In the same way, we can proceed for any real numbers ${\displaystyle a,b\in \mathbb {R} }$ to find the corresponding number to the point ${\displaystyle (a,b)}$ in the complex plane. We go to the right by ${\displaystyle a}$ and upwards by ${\displaystyle b}$. For ${\displaystyle (a,b)}$ we get the corresponding number ${\displaystyle a+b\,\mathrm {i} }$.

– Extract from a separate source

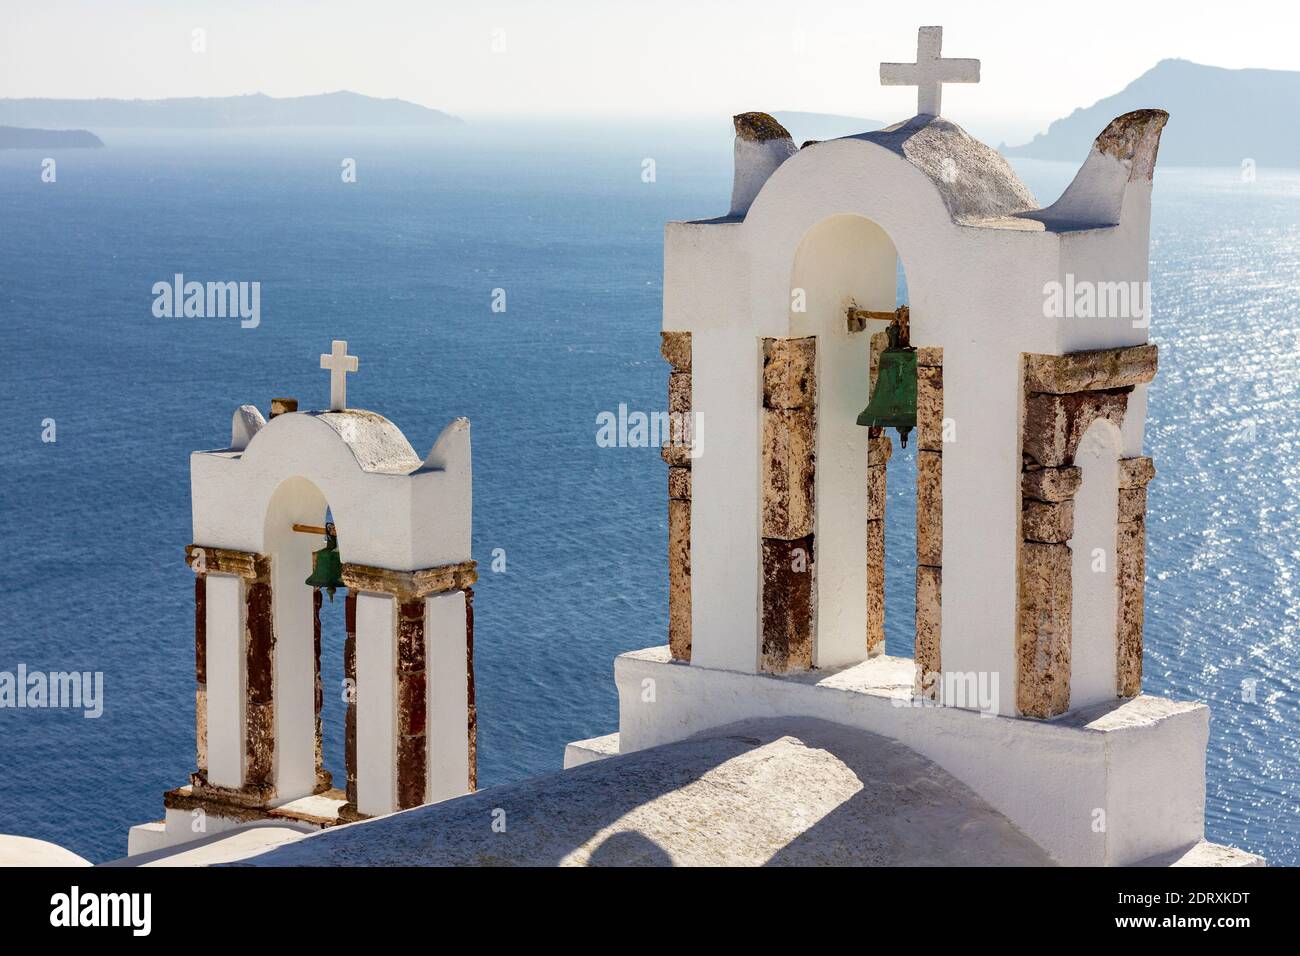 Belfries d'une église orthodoxe grecque qui contemple le bleu profond de la mer Égée, dans le village d'Oia, l'île de Santorin, la mer Égée, la Grèce, l'Europe Banque D'Images

Although there is a plus here, we cannot further simplify the formula. We can not transform ${\displaystyle a+b\,\mathrm {i} }$ into a simpler expression (of purely real numbers or purely multiple of ${\displaystyle \mathrm {i} }$ without the plus), as the tuple ${\displaystyle (a,b)}$ cannot be expressed with only 1 coordinate. However, the expression ${\displaystyle a+b\,\mathrm {i} }$ can be used for calculations. If we calculate with ${\displaystyle a+b\,\mathrm {i} }$, we treat the plus as usual.

But why would we also need numbers of the form ${\displaystyle a+b\,\mathrm {i} }$? Let us first remember why we introduced ${\displaystyle \mathrm {i} }$. We wanted to solve the equation ${\displaystyle x^{2}+1=0}$. Since this equation has no real solution, we needed ${\displaystyle \mathrm {i} }$. Let us now look at the equation ${\displaystyle x^{2}-2x+2=0}$. Using the second binomial formula we can transform the equation:

${\displaystyle {\begin{array}{rrl}&0&=x^{2}-2x+2=(x^{2}-2x+1)+1\\&&=(x-1)^{2}+1\\\iff {}&(x-1)^{2}&=-1\end{array}}}$

The conversion to ${\displaystyle (x-1)^{2}=-1}$ makes clear that no real number can fulfil this equation. If ${\displaystyle x}$ is a real number, then ${\displaystyle x-1}$ is also real and ${\displaystyle (x-1)^{2}\neq -1}$. Let us now try to solve this equation with the help of complex numbers. We know that ${\displaystyle \mathrm {i} ^{2}=-1}$. So we look for an ${\displaystyle x}$ such that ${\displaystyle x-1=\mathrm {i} }$. If we had such an ${\displaystyle x}$, then ${\displaystyle (x-1)^{2}=\mathrm {i} ^{2}=-1}$ and we would have solved the equation. The result is ${\displaystyle x=1+\mathrm {i} }$. Our solution is in the form ${\displaystyle a+b\,\mathrm {i} }$ with real numbers ${\displaystyle a}$ and ${\displaystyle b}$! Therefore it makes sense that we not only consider numbers of the form ${\displaystyle b\,\mathrm {i} }$ but also ${\displaystyle a+b\,\mathrm {i} }$. In this way, additional previously unsolvable quadratic equations can be solved.

We call ${\displaystyle a+b\,\mathrm {i} }$ a general complex number. We call the set of all those complex numbers ${\displaystyle \mathbb {C} }$. The set of all ${\displaystyle a+b\,\mathrm {i} }$ exactly corresponds to the set of all points on the 2D-plane which is spanned by the real and imaginary axis. This plane is mathematically called complex plane:

We have "equated" the complex numbers with the plane using the equation ${\displaystyle (a,b){\hat {=}}a+b\,\mathrm {i} }$. (Mathematically, we have constructed a bijection between both sets, which assigns ${\displaystyle (a,b)}$ to ${\displaystyle a+b\,\mathrm {i} }$). Now we can calculate with complex numbers as we are used to with vectors from the plane. Besides addition (which is possible for vectors as well as for complex numbers), we can also multiply with complex numbers (which we cannot do with vectors!). We can even show that the complex numbers with their addition and multiplication form a field. The structure for calculating in complex numbers is thus similar to what we are used to from real numbers.